PCRbeam™ Fast PCR Detection Kit

Opis towaru

highQu PCRbeam™ Fast PCR Detection Kit is a convenient tool for fast detection

of gene-specific amplification products obtained by PCR, LAMP or RPA.

The detection is based on immunological reaction driven by Biotin and FITC (fluorescein isothiocyanate),

thus the amplified DNA shall include Biotin and FITC labels. The PCR amplification has to be performed

with one primer labeled with FITC at 5’-end and one primer labeled with Biotin at 5’-end.

Alternatively the use of one of the labeled primers can be replaced by gene-specific FITC

or Biotin labeled probe. Kit includes PCRbeam™ Membrane Strips that are coated with biotin-ligand

on the test band and an anti-rabbit antibody on the control band. The bottom part of the strip which

is used for sample application contains an anti-FITC antibody attached to gold particles.

PCRbeam™ Detection Buffer is Tris-buffered saline enabling the detection.

The PCRbeam™ Fast PCR Detection Kit can be applied for established tests or home-brew assays

as a fast and sensitive yes/no detection method. The detection sensitivity is up to 100 fold higher

than the one achievable with ethidium bromide stained gels what provides an environment friendly save

and economical alternative to the use of mutagen stains.

For establishing sensitive PCR-based tests before PCRbeam™ detection we recommend the use

of hot-start PCR enzymes or master mixes, like highQu ALLin™ Hot Start Taq Mastermix or ALLin™ Hot Start Taq DNA Polymerase.

Principle: The membrane strip is soaked for 10 minutes into the vial with the detection buffer mixed with PCR product.

The lateral sample flow driven by gold particles moves the solution up the strip. FITC labeled DNA strand binds

with the anti-FITC antibody on the gold particle and Biotin labeled DNA strand is caught by Biotin ligand attached to the test band.

As both DNA strands remain hybridized at room temperature, the test band builds an aggregate that develops red-blue color.

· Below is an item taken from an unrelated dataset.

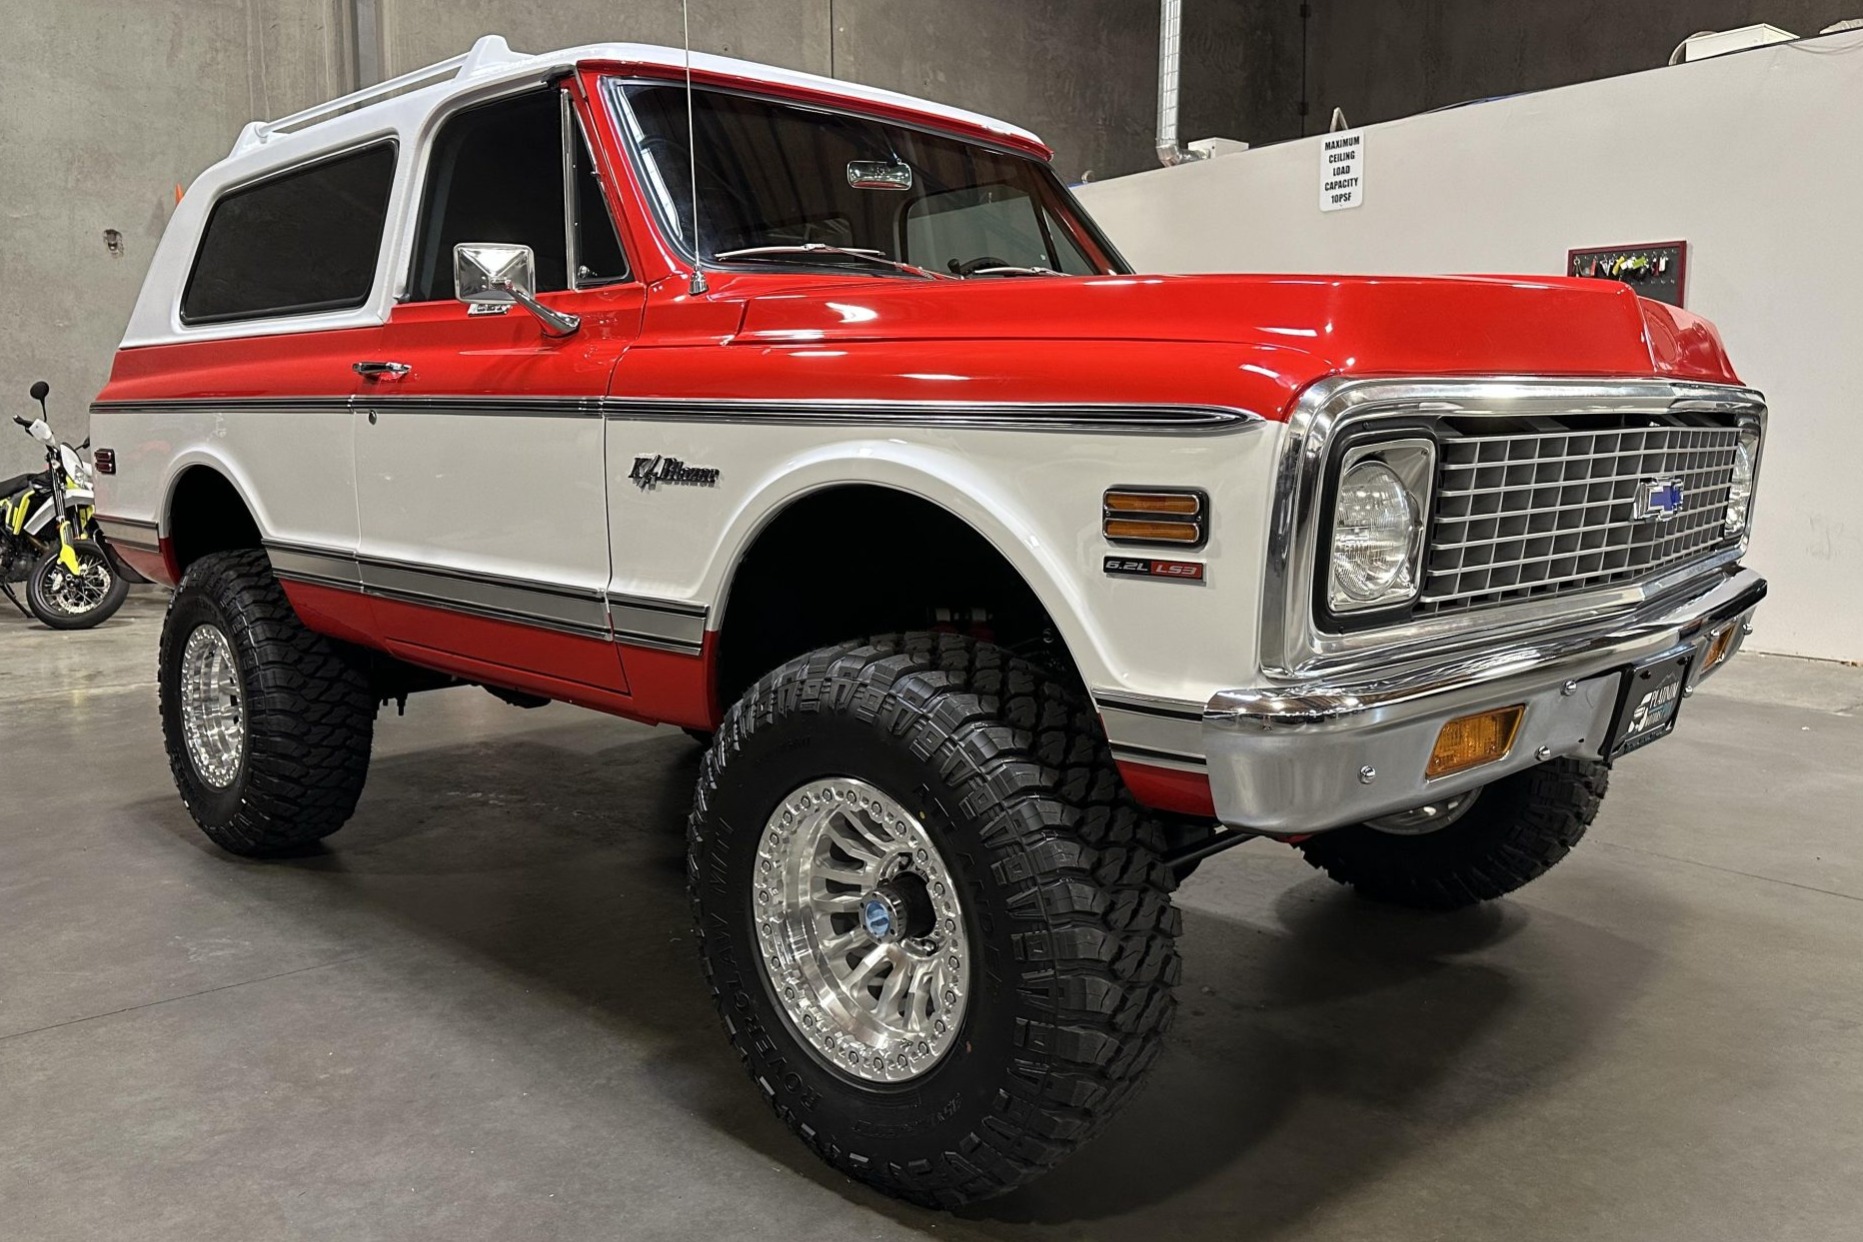 Used LS3-Powered 1972 Chevrolet K5 Blazer CST 4×4 Review

Excess gold particles that were not caught by FITC move up the strip and the anti-FITC antibody binds to the anti-rabbit antibody

to develop the red-blue colored control band.

If there is no PCR product in the reaction, then only the control band will be visible.

If there is a specific product, the test band will be colored as well.

Applications

Low throughput PCR, LAMP, RPA based tests.

Sensitive detection of specific amplification products.

Fast and 20x more sensitive alternative to EtBr stained gels.

Economical alternative to qPCR-based detection.

Benefits

Sensitive detection of PCR, LAMP, RPA gene-specific products.

No gel loading after PCR, no ethidium bromide handling.

Saved costs compared to qPCR-based detection methods.

Fast and easy procedure with little hands on time.